Assigned task:
Output only the lines below from the one containing "Seatrout Open deltager Steen Jæger" to the one containing "1000MILE Fusion Cycling Sock", exactly as written, both ends kept.

[[ The data open ]]

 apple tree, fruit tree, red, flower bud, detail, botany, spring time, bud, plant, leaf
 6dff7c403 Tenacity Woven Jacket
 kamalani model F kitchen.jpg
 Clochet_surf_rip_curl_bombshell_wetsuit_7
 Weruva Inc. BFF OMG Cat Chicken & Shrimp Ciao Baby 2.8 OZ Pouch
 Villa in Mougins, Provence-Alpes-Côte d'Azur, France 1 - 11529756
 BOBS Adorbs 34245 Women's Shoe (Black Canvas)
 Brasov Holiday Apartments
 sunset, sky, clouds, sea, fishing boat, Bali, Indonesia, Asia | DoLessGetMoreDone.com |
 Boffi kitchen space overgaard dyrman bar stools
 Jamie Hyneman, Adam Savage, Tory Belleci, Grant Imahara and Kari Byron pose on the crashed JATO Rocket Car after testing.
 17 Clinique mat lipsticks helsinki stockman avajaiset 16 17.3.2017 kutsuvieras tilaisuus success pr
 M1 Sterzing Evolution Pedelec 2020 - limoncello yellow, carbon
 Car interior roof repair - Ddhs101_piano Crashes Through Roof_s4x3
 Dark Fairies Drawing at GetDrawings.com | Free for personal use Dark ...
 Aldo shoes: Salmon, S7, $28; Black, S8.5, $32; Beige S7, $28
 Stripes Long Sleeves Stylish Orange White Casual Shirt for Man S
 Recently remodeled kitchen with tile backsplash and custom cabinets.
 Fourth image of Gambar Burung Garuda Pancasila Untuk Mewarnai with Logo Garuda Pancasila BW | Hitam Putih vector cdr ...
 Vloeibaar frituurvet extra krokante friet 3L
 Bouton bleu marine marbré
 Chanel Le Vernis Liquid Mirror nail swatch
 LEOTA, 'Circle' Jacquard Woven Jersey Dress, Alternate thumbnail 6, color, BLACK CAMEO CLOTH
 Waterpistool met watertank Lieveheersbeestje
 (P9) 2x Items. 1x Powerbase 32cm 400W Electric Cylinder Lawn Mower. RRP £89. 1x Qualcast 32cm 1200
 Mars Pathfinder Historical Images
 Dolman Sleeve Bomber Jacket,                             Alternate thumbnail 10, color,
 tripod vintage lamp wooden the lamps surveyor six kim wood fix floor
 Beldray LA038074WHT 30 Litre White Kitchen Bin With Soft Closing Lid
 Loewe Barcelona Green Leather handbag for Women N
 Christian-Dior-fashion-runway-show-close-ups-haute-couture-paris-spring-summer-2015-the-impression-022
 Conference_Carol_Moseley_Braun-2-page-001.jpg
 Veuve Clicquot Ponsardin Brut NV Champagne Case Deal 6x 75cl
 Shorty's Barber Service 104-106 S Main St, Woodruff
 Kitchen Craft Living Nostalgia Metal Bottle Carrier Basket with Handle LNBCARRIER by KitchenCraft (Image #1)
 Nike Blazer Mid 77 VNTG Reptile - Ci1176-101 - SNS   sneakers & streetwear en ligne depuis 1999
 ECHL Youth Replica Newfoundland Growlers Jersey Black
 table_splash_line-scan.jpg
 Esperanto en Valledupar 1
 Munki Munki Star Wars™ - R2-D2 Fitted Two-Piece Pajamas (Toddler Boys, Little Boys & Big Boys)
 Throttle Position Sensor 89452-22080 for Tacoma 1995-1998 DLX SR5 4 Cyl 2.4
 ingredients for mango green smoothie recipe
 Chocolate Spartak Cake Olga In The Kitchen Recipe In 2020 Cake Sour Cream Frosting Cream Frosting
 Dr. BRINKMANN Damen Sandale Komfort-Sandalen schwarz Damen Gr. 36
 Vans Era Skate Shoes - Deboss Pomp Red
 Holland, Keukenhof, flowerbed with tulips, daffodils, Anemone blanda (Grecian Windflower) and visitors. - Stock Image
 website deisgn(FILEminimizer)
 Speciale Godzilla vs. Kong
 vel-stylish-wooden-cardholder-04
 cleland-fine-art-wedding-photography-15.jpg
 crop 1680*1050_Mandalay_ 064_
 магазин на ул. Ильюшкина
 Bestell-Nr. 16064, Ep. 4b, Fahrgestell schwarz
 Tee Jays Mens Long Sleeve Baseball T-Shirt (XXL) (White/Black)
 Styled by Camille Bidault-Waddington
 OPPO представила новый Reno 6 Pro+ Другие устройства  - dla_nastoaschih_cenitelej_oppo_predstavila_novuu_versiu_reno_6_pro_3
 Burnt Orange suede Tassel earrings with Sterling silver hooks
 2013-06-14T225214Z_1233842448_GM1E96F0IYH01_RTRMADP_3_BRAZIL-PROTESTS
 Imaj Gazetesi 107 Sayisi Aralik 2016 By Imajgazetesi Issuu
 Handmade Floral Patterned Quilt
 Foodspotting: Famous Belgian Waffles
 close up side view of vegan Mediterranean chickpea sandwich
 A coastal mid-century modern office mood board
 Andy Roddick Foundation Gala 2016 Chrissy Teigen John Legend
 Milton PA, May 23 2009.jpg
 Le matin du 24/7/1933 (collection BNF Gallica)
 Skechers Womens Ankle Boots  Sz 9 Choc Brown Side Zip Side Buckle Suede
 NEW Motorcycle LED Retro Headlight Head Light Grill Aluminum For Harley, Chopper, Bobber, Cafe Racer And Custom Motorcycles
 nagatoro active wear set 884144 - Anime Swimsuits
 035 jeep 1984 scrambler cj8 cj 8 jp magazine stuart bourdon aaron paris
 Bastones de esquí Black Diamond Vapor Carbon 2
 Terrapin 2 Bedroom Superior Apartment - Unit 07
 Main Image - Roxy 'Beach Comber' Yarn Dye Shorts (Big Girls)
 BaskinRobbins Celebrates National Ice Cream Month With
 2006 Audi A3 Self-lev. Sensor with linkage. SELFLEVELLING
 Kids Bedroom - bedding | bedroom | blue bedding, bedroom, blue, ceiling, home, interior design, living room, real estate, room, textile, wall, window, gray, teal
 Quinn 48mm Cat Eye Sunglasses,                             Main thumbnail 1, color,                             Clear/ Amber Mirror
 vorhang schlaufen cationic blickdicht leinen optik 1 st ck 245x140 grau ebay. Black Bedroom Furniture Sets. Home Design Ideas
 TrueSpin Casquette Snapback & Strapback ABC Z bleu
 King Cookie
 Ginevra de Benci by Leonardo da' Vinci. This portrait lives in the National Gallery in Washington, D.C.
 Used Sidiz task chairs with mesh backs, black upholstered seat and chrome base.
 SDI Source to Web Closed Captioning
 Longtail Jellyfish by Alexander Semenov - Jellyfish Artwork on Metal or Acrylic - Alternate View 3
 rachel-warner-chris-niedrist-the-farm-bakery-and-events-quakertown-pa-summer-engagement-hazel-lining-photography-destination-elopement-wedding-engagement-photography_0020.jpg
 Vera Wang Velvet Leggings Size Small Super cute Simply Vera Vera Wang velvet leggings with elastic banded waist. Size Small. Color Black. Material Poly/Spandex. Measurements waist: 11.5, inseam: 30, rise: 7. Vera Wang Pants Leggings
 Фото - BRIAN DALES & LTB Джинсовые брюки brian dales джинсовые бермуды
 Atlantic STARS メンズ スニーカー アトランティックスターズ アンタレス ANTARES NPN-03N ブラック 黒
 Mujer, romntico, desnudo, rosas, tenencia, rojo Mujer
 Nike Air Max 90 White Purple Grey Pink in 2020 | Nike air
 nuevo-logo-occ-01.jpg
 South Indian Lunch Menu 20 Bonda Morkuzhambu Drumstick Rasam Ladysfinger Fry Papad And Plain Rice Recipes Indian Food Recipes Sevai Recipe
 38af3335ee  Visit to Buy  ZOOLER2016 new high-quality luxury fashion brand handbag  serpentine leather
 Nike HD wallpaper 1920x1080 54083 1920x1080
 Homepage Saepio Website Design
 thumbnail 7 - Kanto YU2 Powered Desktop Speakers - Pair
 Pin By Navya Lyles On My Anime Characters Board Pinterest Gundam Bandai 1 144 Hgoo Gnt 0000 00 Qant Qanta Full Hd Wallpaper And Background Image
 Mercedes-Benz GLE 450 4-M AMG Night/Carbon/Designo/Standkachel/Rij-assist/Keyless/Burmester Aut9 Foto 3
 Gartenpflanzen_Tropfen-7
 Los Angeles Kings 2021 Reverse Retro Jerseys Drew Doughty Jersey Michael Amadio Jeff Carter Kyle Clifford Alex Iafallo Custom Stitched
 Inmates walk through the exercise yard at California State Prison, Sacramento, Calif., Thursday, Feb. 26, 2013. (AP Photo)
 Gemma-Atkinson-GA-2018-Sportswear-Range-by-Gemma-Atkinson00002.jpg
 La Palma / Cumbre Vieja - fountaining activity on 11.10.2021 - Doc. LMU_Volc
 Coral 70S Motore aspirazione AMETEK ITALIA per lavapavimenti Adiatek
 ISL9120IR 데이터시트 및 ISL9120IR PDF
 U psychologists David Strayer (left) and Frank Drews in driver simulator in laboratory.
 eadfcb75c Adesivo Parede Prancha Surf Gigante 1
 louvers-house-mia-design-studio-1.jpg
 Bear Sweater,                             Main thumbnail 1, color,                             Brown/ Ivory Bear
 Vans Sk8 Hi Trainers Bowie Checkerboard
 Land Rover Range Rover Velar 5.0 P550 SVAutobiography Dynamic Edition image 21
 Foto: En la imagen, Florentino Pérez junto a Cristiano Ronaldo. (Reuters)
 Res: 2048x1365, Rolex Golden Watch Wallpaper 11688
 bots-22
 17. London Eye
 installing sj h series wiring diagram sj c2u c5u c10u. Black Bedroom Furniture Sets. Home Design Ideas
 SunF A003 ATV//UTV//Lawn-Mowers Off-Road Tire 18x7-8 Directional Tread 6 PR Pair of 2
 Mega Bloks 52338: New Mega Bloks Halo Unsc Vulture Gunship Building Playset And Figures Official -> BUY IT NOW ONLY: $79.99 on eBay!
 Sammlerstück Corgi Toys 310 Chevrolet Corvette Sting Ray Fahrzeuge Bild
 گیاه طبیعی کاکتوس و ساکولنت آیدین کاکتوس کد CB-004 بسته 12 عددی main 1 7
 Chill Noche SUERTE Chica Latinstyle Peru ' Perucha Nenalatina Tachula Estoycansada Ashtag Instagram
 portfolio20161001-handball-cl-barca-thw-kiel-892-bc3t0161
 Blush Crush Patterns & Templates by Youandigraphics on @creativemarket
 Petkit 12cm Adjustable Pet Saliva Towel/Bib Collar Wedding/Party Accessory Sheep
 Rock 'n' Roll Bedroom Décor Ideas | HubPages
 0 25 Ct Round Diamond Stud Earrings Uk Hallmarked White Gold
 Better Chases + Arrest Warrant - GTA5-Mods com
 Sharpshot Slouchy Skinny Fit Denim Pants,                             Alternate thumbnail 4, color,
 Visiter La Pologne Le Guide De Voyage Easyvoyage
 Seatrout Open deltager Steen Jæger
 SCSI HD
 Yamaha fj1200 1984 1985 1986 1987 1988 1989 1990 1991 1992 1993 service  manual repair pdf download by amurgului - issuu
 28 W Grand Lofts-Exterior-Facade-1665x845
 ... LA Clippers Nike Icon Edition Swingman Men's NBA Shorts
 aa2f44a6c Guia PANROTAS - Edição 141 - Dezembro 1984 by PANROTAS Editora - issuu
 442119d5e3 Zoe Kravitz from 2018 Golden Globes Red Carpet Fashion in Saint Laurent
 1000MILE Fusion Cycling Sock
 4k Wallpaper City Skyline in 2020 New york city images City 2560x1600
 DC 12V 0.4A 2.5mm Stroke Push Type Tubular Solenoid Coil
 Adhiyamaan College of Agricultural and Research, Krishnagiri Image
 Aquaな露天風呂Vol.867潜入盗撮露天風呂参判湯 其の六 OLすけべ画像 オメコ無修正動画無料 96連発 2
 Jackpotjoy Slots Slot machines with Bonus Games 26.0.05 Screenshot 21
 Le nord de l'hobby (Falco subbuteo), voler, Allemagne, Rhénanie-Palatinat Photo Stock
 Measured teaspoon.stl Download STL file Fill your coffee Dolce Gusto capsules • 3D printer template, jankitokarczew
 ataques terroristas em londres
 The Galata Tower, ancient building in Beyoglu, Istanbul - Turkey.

[[ The data closed ]]

Your solution:
 Seatrout Open deltager Steen Jæger
 SCSI HD
 Yamaha fj1200 1984 1985 1986 1987 1988 1989 1990 1991 1992 1993 service  manual repair pdf download by amurgului - issuu
 28 W Grand Lofts-Exterior-Facade-1665x845
 ... LA Clippers Nike Icon Edition Swingman Men's NBA Shorts
 aa2f44a6c Guia PANROTAS - Edição 141 - Dezembro 1984 by PANROTAS Editora - issuu
 442119d5e3 Zoe Kravitz from 2018 Golden Globes Red Carpet Fashion in Saint Laurent
 1000MILE Fusion Cycling Sock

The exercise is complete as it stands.